CS 2120: Class #11¶
Plotting with Python¶
Now that you know how to load and manipulate data, we’re going to spend some time learning how to visualize our data (and the results of processing it).
If you’re running Python from the command line, try this:
% ipython --pylab
otherwise, make sure you do this before trying anything below:
>>> from pylab import *
Anyone remember what that’s doing?
If you’re like me and like the namespace, do this:
>>> import matplotlib.pylab as plt
- Just, if you do this, be sure to add
plt.
before whenever you’re calling a plotting thing. - Ex.
plt.plot(x)
orplt.clf()
orplt.title('something')
- Ex.
- Just, if you do this, be sure to add
Before we start: If you need to clear your plot at any time, just type:
>>> clf()
Let’s get some data¶
Activity
Download this Google Trends CSV .
- Each row is a week. Starting in 2004, up to the 2012-ish
- The columns are the search terms ‘vampire’, ‘zombie’, ‘flu’, ‘ice cream’
- The numbers are “search volume index” (normalized to ‘flu’).
Now get this data into Python!
- Open a
csv.reader
(look at last class’ notes)- Read each row into a list
You should now have a ‘list of lists’. Convert it to a NumPy array of floats, and switch rows for columns. e.g., if it’s in the variable ‘data’, do this:
>>> data = numpy.array(data).astype(numpy.float).transpose()
Make sure you understand how that line works!
Simple plots¶
We can do a simple line plot of 1D data with the
plot()
command.Try this:
>>> plot(data[0])
OR, try this if you’re like me and
import matplotlib.pylab as plt
:>>> plt.plot(data[0])
Activity
What did we just plot? How could you do a similar plot for the popularity of the search term ‘zombie’?
Can you plot both the search volumes for ‘vampire’ and ‘zombie’ on the same graph?
Activity
Experiment with the following commands. What do they do to your plot?
grid()
xlabel('This is a label!')
ylabel('Another label!')
title('My title')
axvline(100)
Save your plot to disk as an image.
There are a crazy number of options that you can pass to
plot()
. Like these:>>> plot(data[0],':') >>> plot(data[1],'--') >>> plot(data[2],'r--')
Activity
- Plot search volume for ‘flu’ (
data[2]
) against ‘ice cream’ (data[3]
). - Don’t forget about
clf()
- Don’t forget about
Use different line types for the two plots. Use the ‘zoom tool’ to magnify the portion of the graph below y==20
.
See any trends worth noting? Visual inspection is a power tool for data analysis.
I wonder if any of our keywords have search volumes that are linearly related to each other?
Pearson Correlation is a good way to check this.

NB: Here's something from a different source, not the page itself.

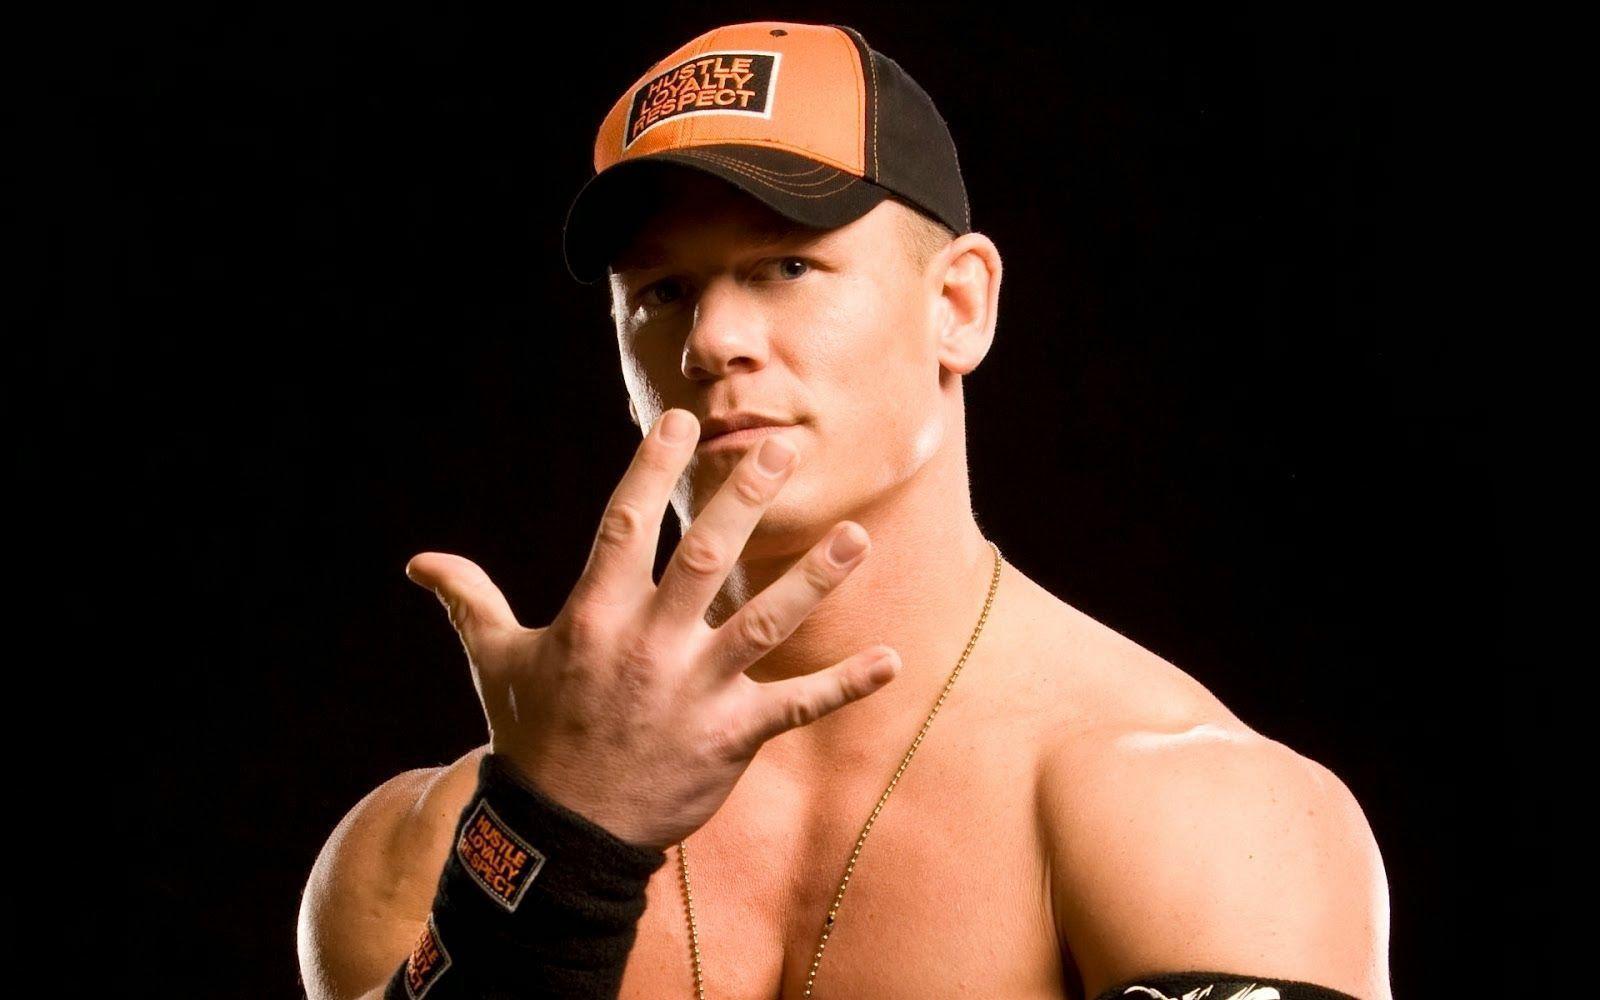 John Cena HD Wallpaper Wrestler. Download Free High

We could compute r-values, for each pair, like this:
>>> import scipy.stats >>> scipy.stats.pearsonr(data[1],data[0]) (0.7604487911797595, 1.0173257365818087e-87) ...
Or we could be lazy, and complete the full correlation matrix with one command:
>>> cor = numpy.corrcoef(data)
Activity
Build the correlation matrix for data
. Look at it. What does it tell you?
2D Plots¶
Let’s look at our correlation matrix visually.
>>> matshow(cor)
Each square is one entry in the 2D array. Pretty intuitive.

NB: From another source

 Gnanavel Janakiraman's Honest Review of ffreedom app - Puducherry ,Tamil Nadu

We can change colour schemes, too. E.g.:
>>> gray() >>> hot()
And, if the axis labels are annoying us, or we need a colour scale:
>>> axis('off') >>> colorbar()
Activity
Start with a bigger array: r = numpy.random.rand(50,50)
. Plot this array,
using matshow
with a colour bar and no axis labels. What happens if you
use imshow
instead of matshow
? (Try zooming WAAAY in).
Histograms and boxplots¶
Sometimes you want to see the distribution of the values your data, rather than the values themselves.
Consider these data:
>>> u = numpy.random.rand(1000) >>> g = numpy.random.normal(size=1000)
If I just plot them, what intuitions do I get? (Assume I don’t know where it came from!)
>>> plot(u) >>> plot(g)
What about if I plot the distributions of values in
u
andd
?>>> hist(u) >>> hist(g)
As usual,
hist()
has a lot of options .
Activity
Plot a histogram of the data in g
, with bins from -2 to -1, -1 to 0, 0 to 1 and 1 to 2.
Plot a cumulative histogram of the data in g
(with the default automatically chosen bins) and u
. How do they differ?
Let’s create 3 fake sets of experimental data:
>>> d1 = numpy.random.normal(0,10,size=1000) >>> d2 = numpy.random.normal(5,10,size=1000) >>> d3 = numpy.random.poisson(size=1000)
Activity
Compare the histograms of d1, d2 and d3.
Scatter plots¶
Earlier, we used Pearson correlation to investigate relationships in time series data.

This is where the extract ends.